Somethings not right and turned around. Suddenly everything cleared up and I attributed it to sitting and needing to free up so on ward we go. Drove two mile past the house and it's back. This time bad. Good thing I was on a deserted road for the most part. Pulled over and smoke's billowing out of the front fender. I already know where it's going.

Turned full lock right to expose the caliper and smoke is rolling off the pads. Sit there for a few minutes til the smoke stops. Get back in and turn the barge so the wind hits caliper side and helps cool it down. Waited about 15 minutes and limp home. I stopped a couple times to let it cool a bit. Finally got home and no more smoke but you can tell she was hot.

Let it sit outside for an hour to cool. Backed it in and reverse was having a hard time with the drag. Went forward and it seemed to free up. Reversed again and not so much drag. Took the wheel off and for sure those pads were dragging.
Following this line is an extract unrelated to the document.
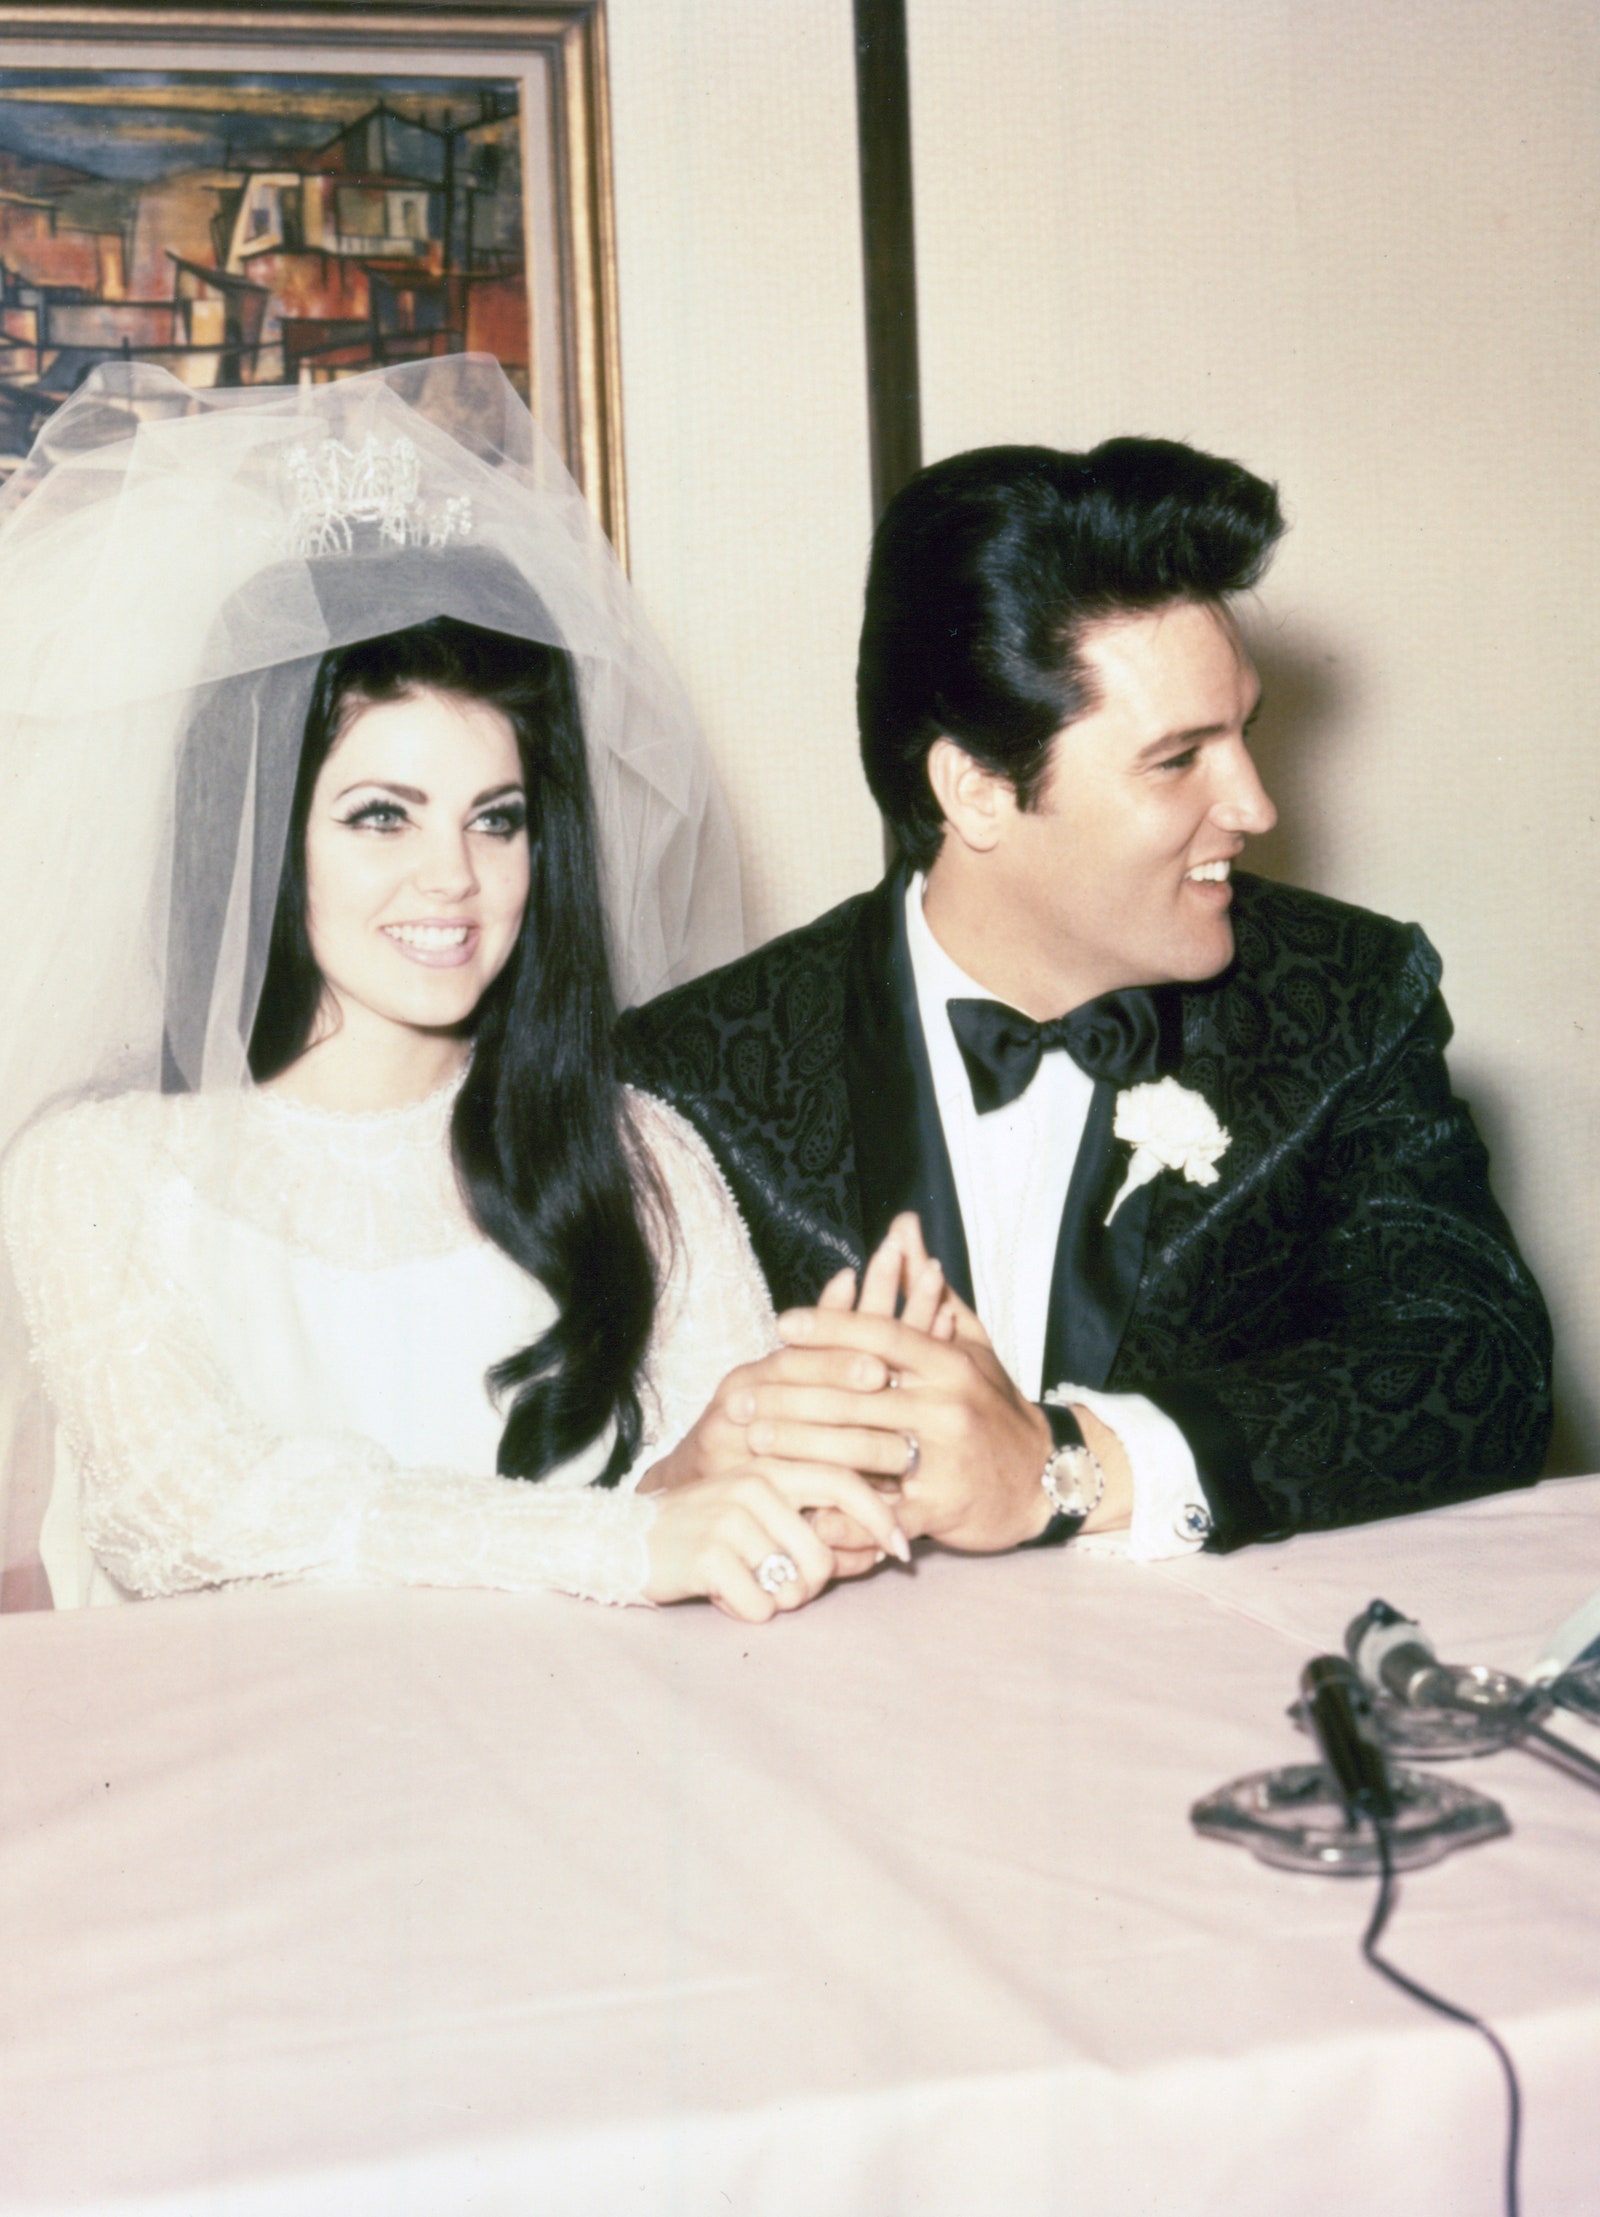 Elvis and Priscilla Presley on their wedding day in 1967.

I need Ideas why. Rears are fine and passenger was pretty much cool as a cucumber.

Recall I had the calipers off a bit ago to put the new wheel studs in. Doing so I merely cracked the bleeder and sqeezed the pads out to get it off the rotors. Could I have cocked a piston on the drivers side? Dirt? Bad caliper?

Shooting in the dark here..
 
Seized caliper is the likely culprit. Once it has cooled completely you should be able to pry the caliper off. A trip to Autozone for a loaded caliper and you should be back in business.

Kevin
 
My episode for the day, drivers front brake was smoldering today. Car's been down for a month or two since I've been working on the exhaust. Took it out today for a test run. Felt a little sluggish and a faint pull that became a significant pull to the left.

Somethings not right and turned around. Suddenly everything cleared up and I attributed it to sitting and needing to free up so on ward we go. Drove two mile past the house and it's back. This time bad. Good thing I was on a deserted road for the most part. Pulled over and smoke's billowing out of the front fender. I already know where it's going.

Turned full lock right to expose the caliper and smoke is rolling off the pads. Sit there for a few minutes til the smoke stops. Get back in and turn the barge so the wind hits caliper side and helps cool it down. Waited about 15 minutes and limp home. I stopped a couple times to let it cool a bit. Finally got home and no more smoke but you can tell she was hot.

Let it sit outside for an hour to cool. Backed it in and reverse was having a hard time with the drag. Went forward and it seemed to free up. Reversed again and not so much drag. Took the wheel off and for sure those pads were dragging.



I need Ideas why. Rears are fine and passenger was pretty much cool as a cucumber.

Recall I had the calipers off a bit ago to put the new wheel studs in. Doing so I merely cracked the bleeder and sqeezed the pads out to get it off the rotors. Could I have cocked a piston on the drivers side? Dirt? Bad caliper?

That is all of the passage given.